I watched your video and trying to learn how a follower rest works/set-up . Did you have to thread a bit then adjust the wheels and I’m assuming that they have to be adjusted the same on each cut ?


----------



## woodchucker (Mar 16, 2022)

Alcap said:


> I watched your video and trying to learn how a follower rest works/set-up . Did you have to thread a bit then adjust the wheels and I’m assuming that they have to be adjusted the same on each cut ?


The size of the rod is 1/4 it's a tight tolerance O1 rod. So I don't have to remove any material to dimension it.  If I did, I would turn the bearing holder over, and keep the bearings on the previously dimensioned side (left) and follow behind.  My follower is only providing support for the rod against the tool, not a top support.

The way I am using it is the tool and bearings align.
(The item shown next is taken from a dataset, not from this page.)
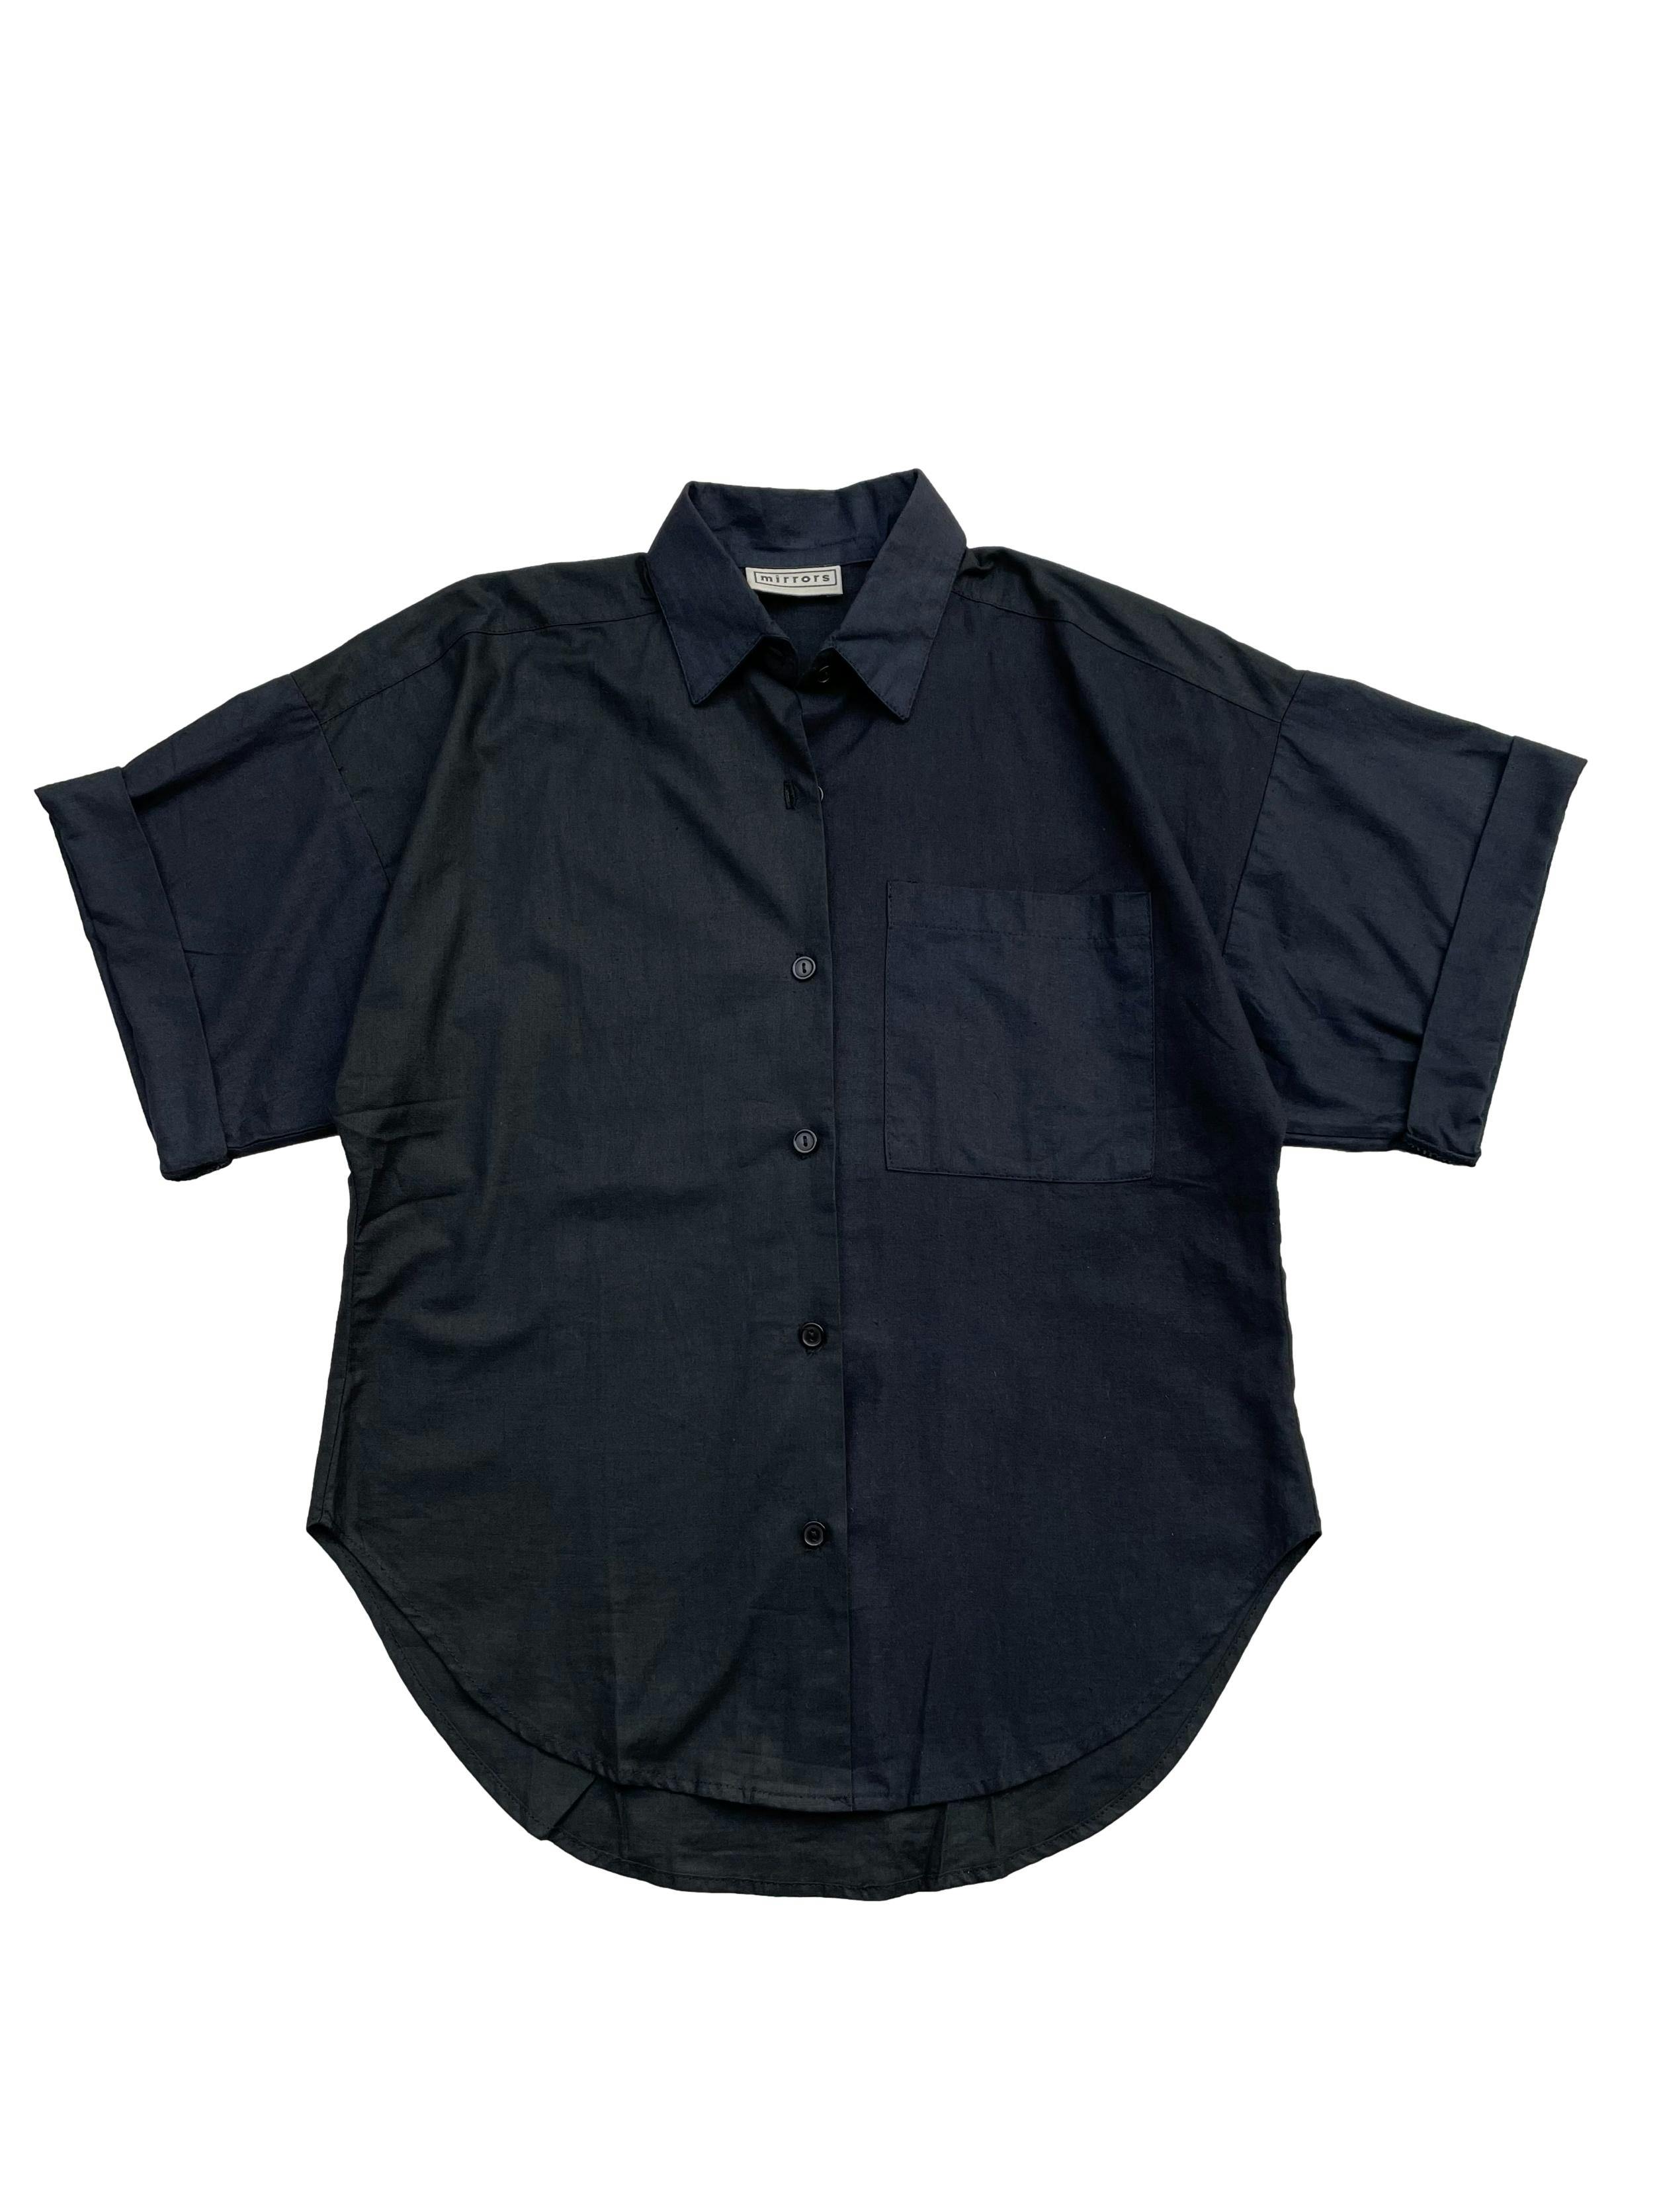 Blusa vintage oversize negra y azul marino, bolsillo frontal. Largo 62cm.

So I get maximum support, it's amazing how much better it is. The rod does not move away, so it is extremely consistent all the way across this very long thread.  I'll provide more pics, I was in a rush yesterday, and today has a full schedule too.


----------



## ericc (Mar 16, 2022)

Looks great.  It fits in well with the quick change tool post.  I have the standard follower rest, and it contacts in the wrong place for the Aloris style tool post.  So, I forged a lantern tool post, rocker, ring and one Armstrong tool holder to make the one cut.  It lined up just great, and worked fine for making the thread.  I guess I could have drilled new holes, but I already had the follower.


----------



## SLK001 (Mar 16, 2022)

woodchucker said:


> My follower is only providing support for the rod against the tool, not a top support.



Your double bearing support system _*does *_provide for top support.  Without adequate top support, your work would have a tendency to climb op over your tool, especially for such a long and thin workpiece.


----------